A very well researched blog post, by NAMA Wine Lake, raises some frightening but very valid points with regard to the current liquidity position at NAMA: 

http://namawinelake.wordpress.com/2...-nama-report-that-was-due-nearly-a-month-ago/



> It came as a surprise to many that in May 2010, NAMA needed a €250m “working capital advance” repayable in October 2010. A surprise because NAMA already had €100m of capital (€51m from the “independent” private sector and €49m from the State) and also NAMA had taken over €16bn of loans and at least a third were supposed to be performing. Anyway, a €250m advance was provided by the Minister for Finance and was revealed in the Dail a day before it was disclosed in the May 2010 Exchequer statement. Today NAMA has less than a week to repay the €250m. This entry examines the likelihood of that happening, the probability of another bail-out (or “working capital buffer advance” in the language of Upper Merrion Street). The entry again asks about NAMA’s quarterly report and accounts which was due by the end of September 2010 (relating to the second quarter to 30th June 2010) – why is there a delay and is the delay due to the consideration of any excision from the report?
> 
> I believe NAMA is facing a liquidity crisis – remember that term from the banking crisis? It’s supposed to refer to a situation where NAMA is due cash (either in interest or capital or from its euro paper programme) but can’t actually lay its hands on the readies, and meanwhile there are developers pleading for working capital and indeed salaries around the €200k per annum mark if you believe some of yesterday’s newspaper reporting. The reasons I believe NAMA is facing a liquidity crisis are as follows:


----------



## tiger (25 Oct 2010)

Maybe someone should send this to the likes of Willie O'Dea, Frank Fahey & the other NAMA appologists who were trying to sell us the idea that NAMA would make a profit


----------



## Shawady (26 Oct 2010)

No fan of NAMA but at least some of the UK stock may turn a profit.
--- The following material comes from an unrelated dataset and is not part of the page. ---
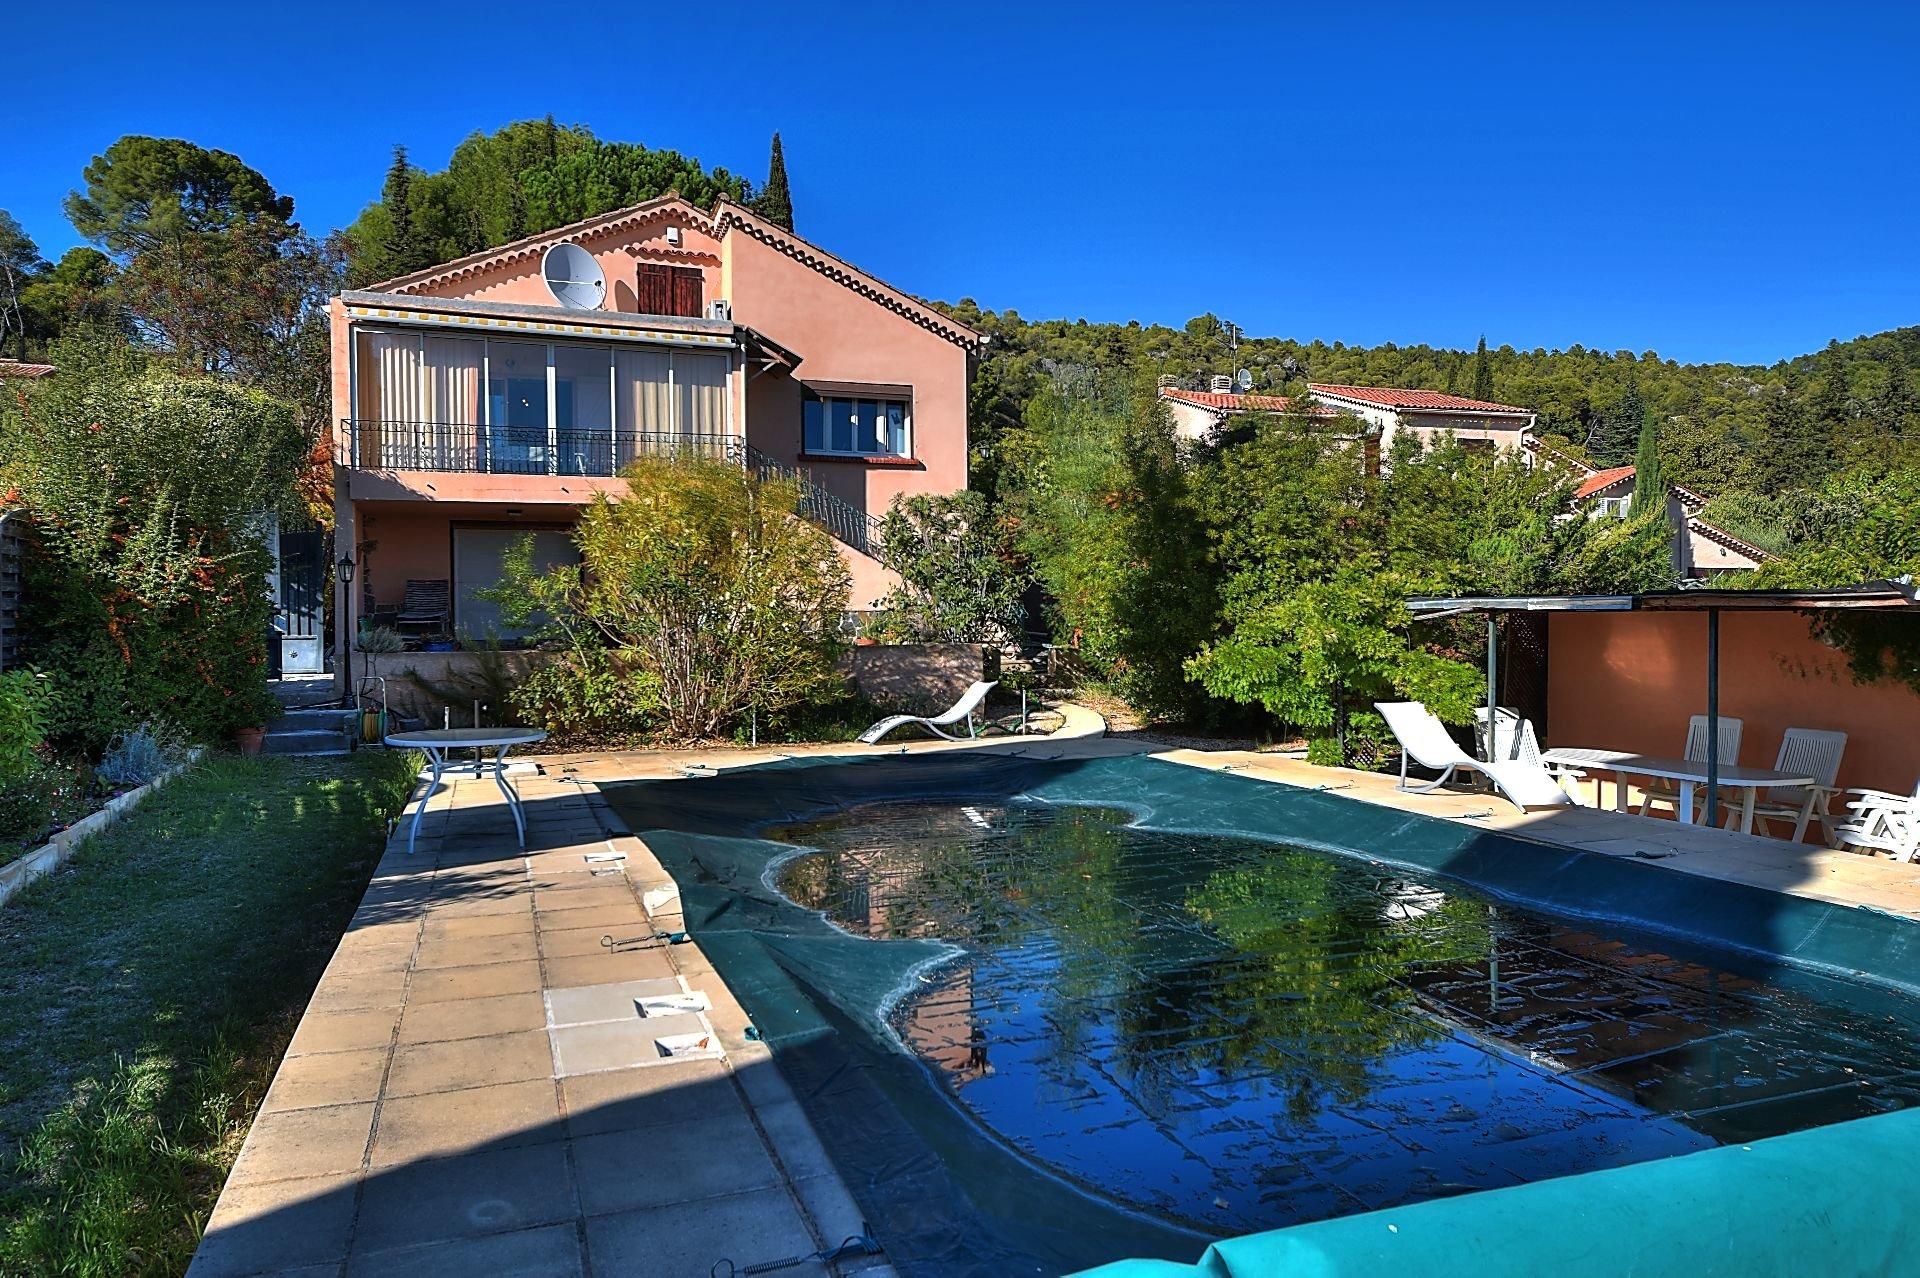 Villa avec studio indépendant piscine, Villecroze, Var

http://www.independent.ie/business/irish/nama-makes-euro140m-profit-on-anglo-loan-deal-2394084.html


----------



## shanegl (26 Oct 2010)

I don't believe a word of it. I was assured that NAMA would wash its own face.


----------



## tiger (27 Oct 2010)

I think NAMA will "wash it's face" for a few years, while they're still only making interest payments on the loans and they sell off the best assets.  I suspect in 3-5 years time (i.e. well before the ten years are up), it will have turned in to a black hole of debt with no/worthless security or repayments being made.


----------